Shabdakalpa

Building the First Historical Dictionary of Bengali

Following up on the success of the Tagore Online Variorum Bichitra, the School of Cultural Texts and Records at Jadavpur University has embarked on a still more ambitious project: to create a historical dictionary of the Bengali language, to which we have given the name Shabdakalpa. A historical dictionary analyses a comprehensive database of words in a language to find when each word was first used, and all subsequent changes in form, meaning and usage. It is the most basic tool for studying all uses and applications of the language.

Such dictionaries exist only in certain Western languages, often as works in progress. A start was made with Bengali by the Dhaka Bangla Academy. With the greatest respect for this pioneering effort, we can claim in all modesty that our project marks a quantum expansion of scale. The methodology of such projects has been revolutionized with the coming of the computer; but the final analysis of data can only be done by the human intelligence. On the one hand, the project thus involves a complex and advanced computer program; on the other, highly skilled and labour-intensive human analysis.

The computational processing comprises three chief tasks. First, to compile the largest possible database of Bengali texts of all periods on all subjects. We have downloaded a huge number of Bengali texts from the internet. We are now completing that task and adding much material from other online and offline sources. Some libraries and archives have kindly made their collections available, and of course we have our own collections too.

A considerable amount of labour is involved in assembling the texts, documenting their metadata, and converting them into a format suitable for use with our software. Although many of these texts are available online in the form of PDF files, they are not immediately usable in their existing format. Therefore, each file must undergo conversion into plain text (.txt) format using Optical Character Recognition (OCR) technology, which allows us to extract machine-readable content from scanned or image-based documents. This step is essential for enabling further analysis and digital processing.

Here is a page of our working software. It lists the works by author, title and date. Clicking on the appropriate link opens a full word list.

[The display is modified from time to time. The current display may not match what you see, but the process remains the same.]

Creating this database is a vast and potentially never-ending task. Our aim is to reach a certain critical mass, from which to develop a prototype dictionary. This will meet most needs of most people, and can serve in future as the basis for a truly comprehensive dictionary, growing dynamically like the language itself.

The second, even more challenging task is to create a software to process the raw data of the texts. This software is complete: the biggest milestone we have achieved so far. There was nothing like it before. Having got so far, we feel more than ever that we must put the software to use by actually completing the dictionary.

Extracting a list of words from the database is simple enough. The challenge is to group together all forms of the same word to create the total picture. Bangla is a highly inflected language, more so in having two separate registers, sadhu and chalit. A Bengali verb can have 100-150 different forms, or even more. Nouns take on a variety of suffixes – গাছ, গাছটা, গাছের, গাছগুলো, etc. etc. These too must be aggregated.

Our path-breaking software can create a table of all forms of a verb with the same base, and record every example of every form found in the database. Here, for instance, is a table outlining all forms of the verb লেখা with the base লেখ্: সে লেখে , তুমি লেখো , তুই লেখ etc. Click on any of the forms, and you will get a complete list of all its examples, with author, source and date.

Here is a similar table for the other base of the verb, লিখ্ – আমি লিখি , তুমি লিখবে, তিনি লিখিতেছিলেন etc.

The next step is to ‘club’ or combine the two tables to produce the final list, of all occurrences of all forms of the verb in both লেখ্ and লিখ্, arranged in order of date with author and source

By a different but similar process, all forms of a noun – say, গাছ – can be aggregated into a single list of all forms. And so with pronouns, or any other part of speech.

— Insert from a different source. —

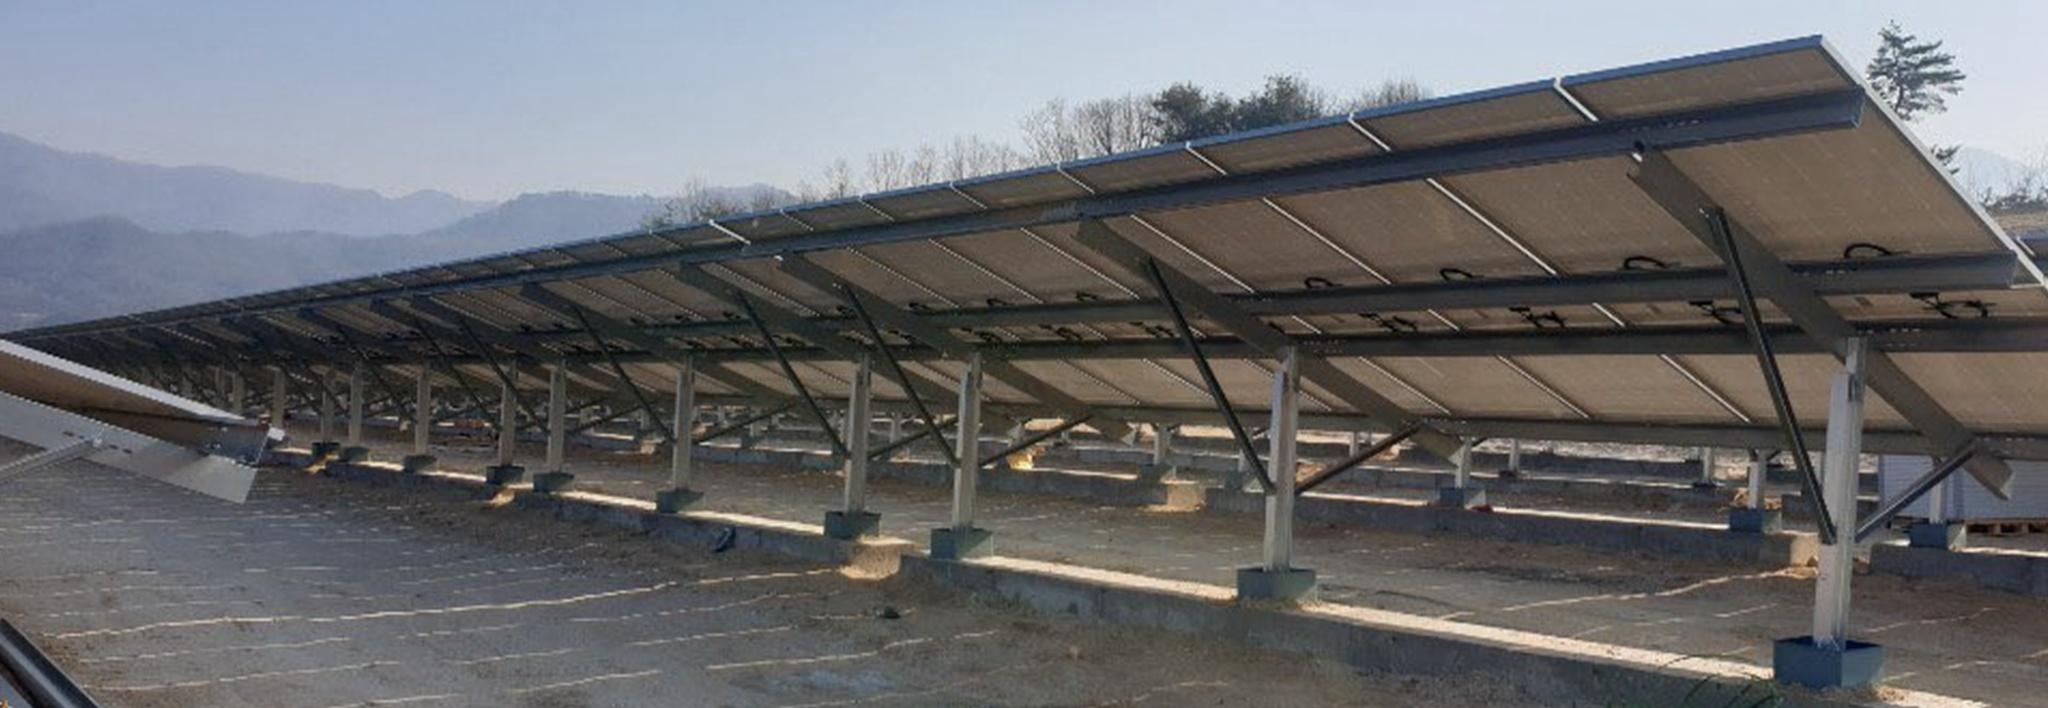 Clenergy Ground-mount PV-ezRack STMAC 1.6MW Solar Project in Korea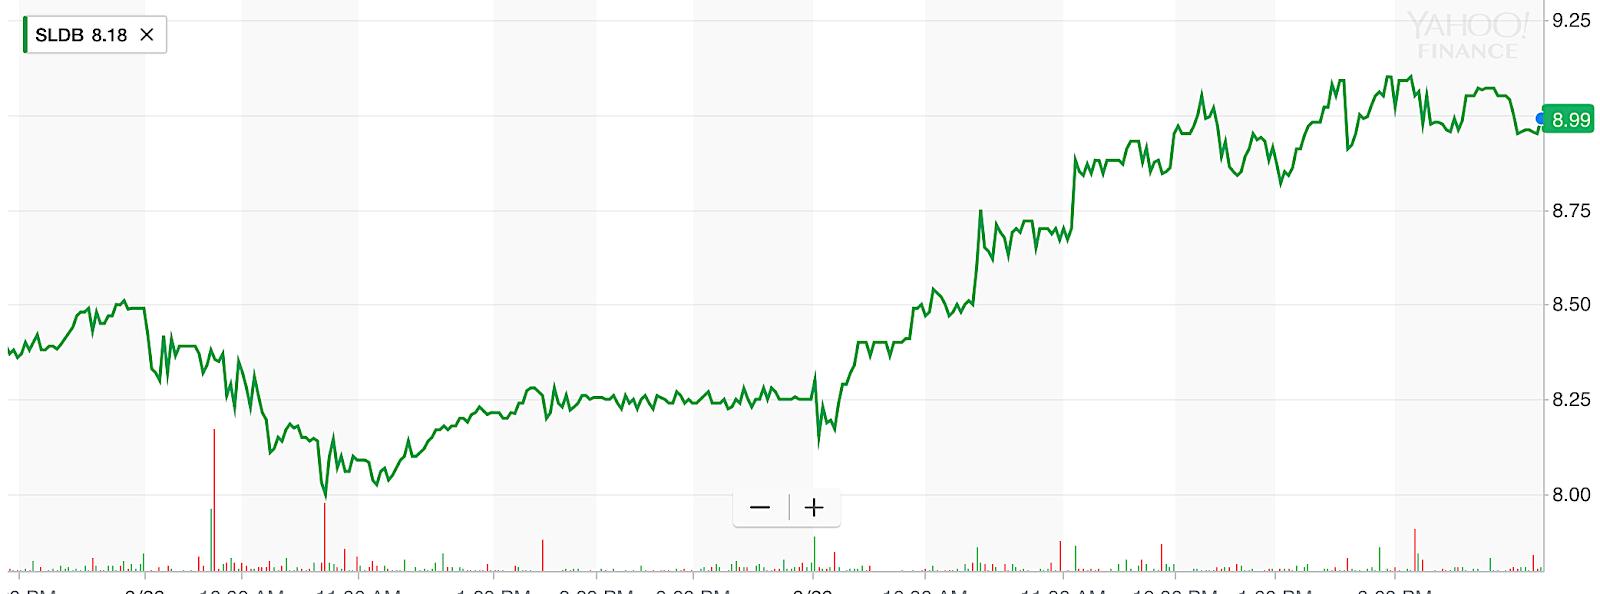 Ibb ishares nasdaq biotechnology index fund crowdsourced stock sauploadcwj djpr0meqpbcpingzsd b9l4excknfgrxgkbolahtcatlkkbym2ryjbwont06buahunab1n9uhzwexqp1k3ryjq9c2mqqab9eyerv5ovy3ht6qucterrjea5qasstdwtnkthumb1g biocorpaavc Images

Once the computer has done its job, the results can be transferred to a spreadsheet. Now comes the third and last stage: the human brain analyses the results, sorts the examples by meaning and usage, and reorganizes the data into the final dictionary entry. Even here, computer programs can play a supporting role. We already have one such program, a part of speech tagger that lets us separate different parts of speech with the same external form, like the verb কর (=করো ), ‘do’, and the noun কর (hand, or tax).

Shabdakalpa: A Legacy in the Making

What use will Shabdakalpa serve? Why should we want to complete it? It is the most fundamental resource for every kind of use to which we might put the language. Looked at another way, it is like an encyclopedia of exceptionally fine granularity for all aspects of Bengal and Bengali. A language endowed with a historical dictionary has made it to a very special league among the world’s languages. As the world’s seventh most widely spoken language, Bengali amply deserves this recognition.

We have come a good distance in creating this proud cultural asset for our language. But a long road remains ahead. Please help us to complete the journey.